GGrantIndex
← Search

CCF: AF Analytical Tools for Natural Algorithms

$500,000FY2010CSENSF

Princeton University, Princeton NJ

Investigators

Abstract

This project seeks to build an algorithmic foundation for the analysis of complex self-organizing systems. Computing theory has been successful at pinning down the computational power of common dynamical systems, but less so at analyzing their behavior and functionality. Recent research points to the potential benefits of viewing these systems as "natural algorithms." The approach is premised on the belief that the algorithm itself is at least as important as the data it generates and that the current reliance on simulations and statistics must be supplemented with analytical tools, something akin to an ``algorithms calculus.'' The research will be oriented along the following lines: new proof techniques and analytical tools; communication-based algorithmic renormalization; geometry, topology, and approximation of complex systems.

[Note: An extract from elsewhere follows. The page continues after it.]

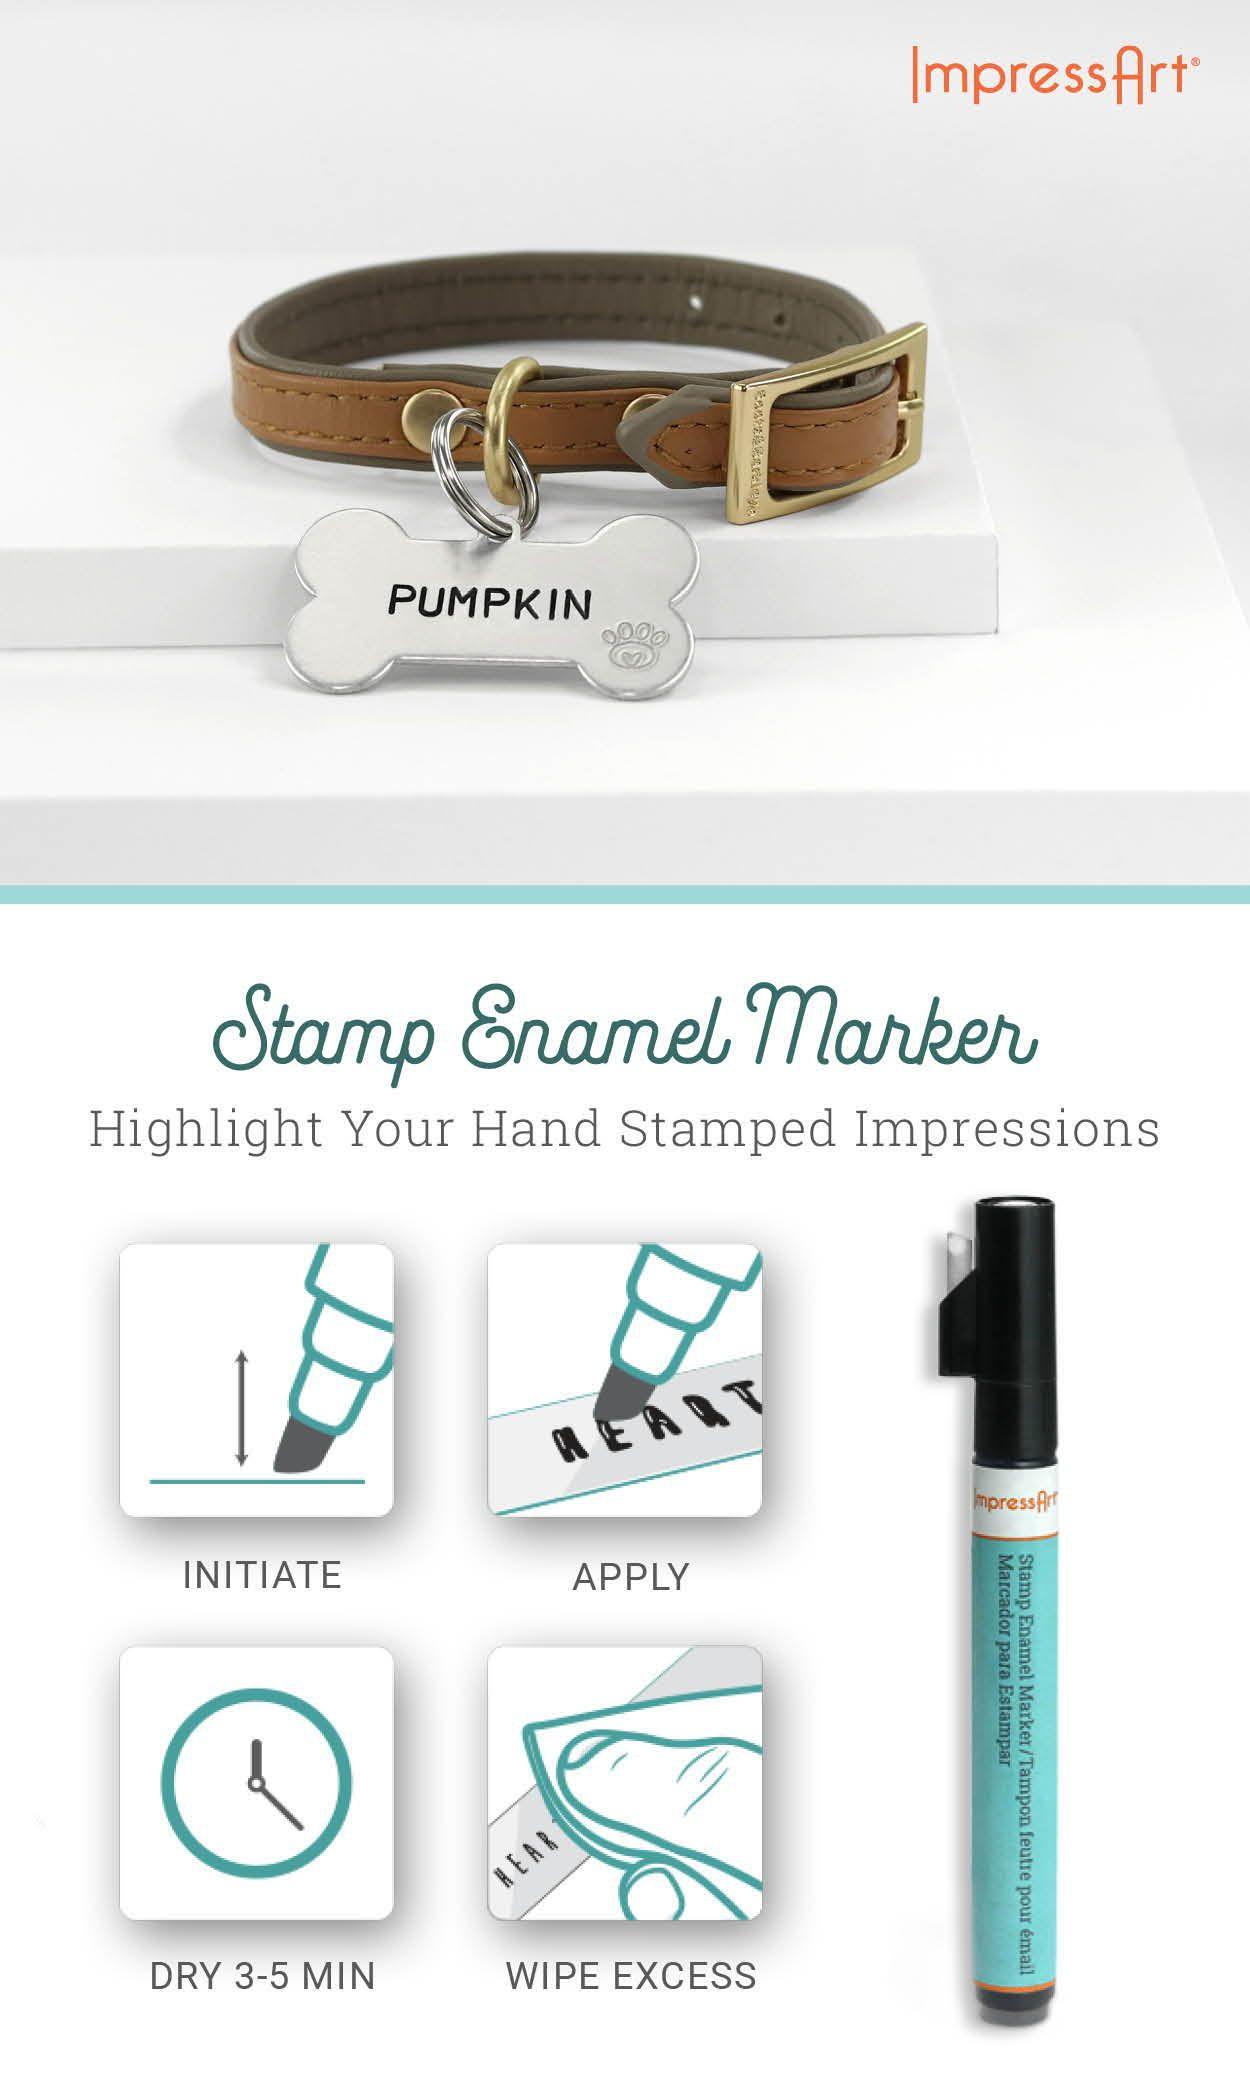 Antique Stamp Enamel Marker 4 Pack Diy Jewelry Stamping

The ambition of this project is to lay the foundations of an algorithmic theory of complex adaptive systems. Algorithm design has been one of the most fruitful areas of computer science in the past few decades. Building a bridge between this intellectual discipline and the ever-growing area of complex systems could potentially have a major impact on science as a whole. Accordingly, the present project will involve collaborations with computer scientists, control theorists, physicists, and systems biologists.